University of Bojnord
- University of Bojnord (UB) coat of arms
- Motto: میاسای ز آموختن یک زمان;
- Motto in English: Rest not a moment from learning
- Type: Public
- Established: 2005
- Affiliations: FUIW
- Chancellor: Mohammad Sheikhzadeh
- Administrative staff: 90
- Students: 4400
- Undergraduates: 4000
- Postgraduates: 400
- Location: Bojnord, Iran 37°26′07″N 57°17′45″E﻿ / ﻿37.4352°N 57.2958°E
- Colours: Blue
- Website: ub.ac.ir
- Location in Iran

= University of Bojnord =

Public university in Bojnord, Iran

The University of Bojnord is a public university located in Bojnord, Iran.

As the grand university of the province, university of Bojnord was established in October 2005 at the center of North Khorasan, Bojnord, in order to fulfill its main mission of educating young people in different levels and fields of study in line with the programs approved by the Ministry of Science, Research and Technology.
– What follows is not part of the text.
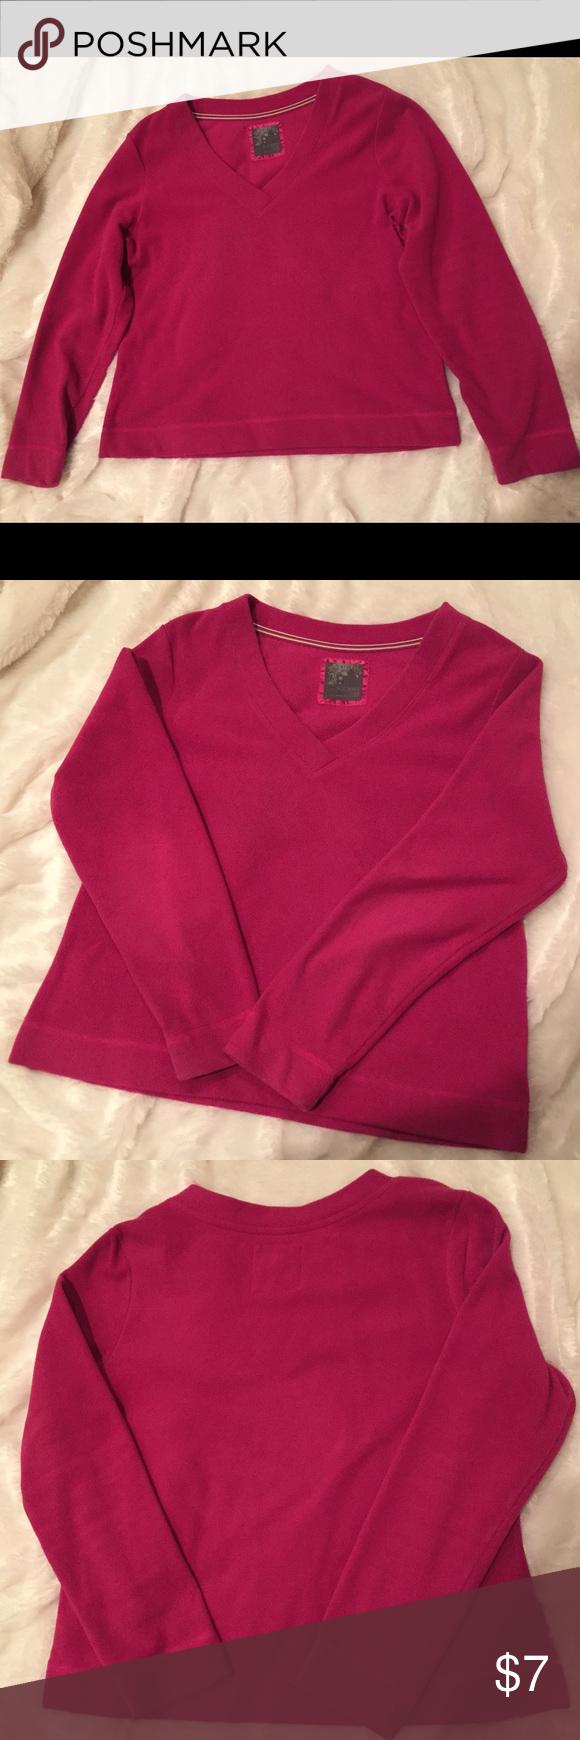 Old Navy Fleece Pullover Top Beautiful pink v-neck fleece sweater ...

The approval for the establishment of the University of Bojnord, with four faculties of Engineering, Humanities, Arts and Sciences was issued by the Ministry of Science, Research and Technology at 1383/11/11 (01/31/2005) under the letter No. 22/8621. Thus, on October 200 University of Bojnord enrolled 210 students in three fields of study, as the beginning step.

In the academic year 2019-2020, about 4600 students studied under the tuition of 172 faculty members in 53 academic fields (27 undergraduate and 24 postgraduate degrees).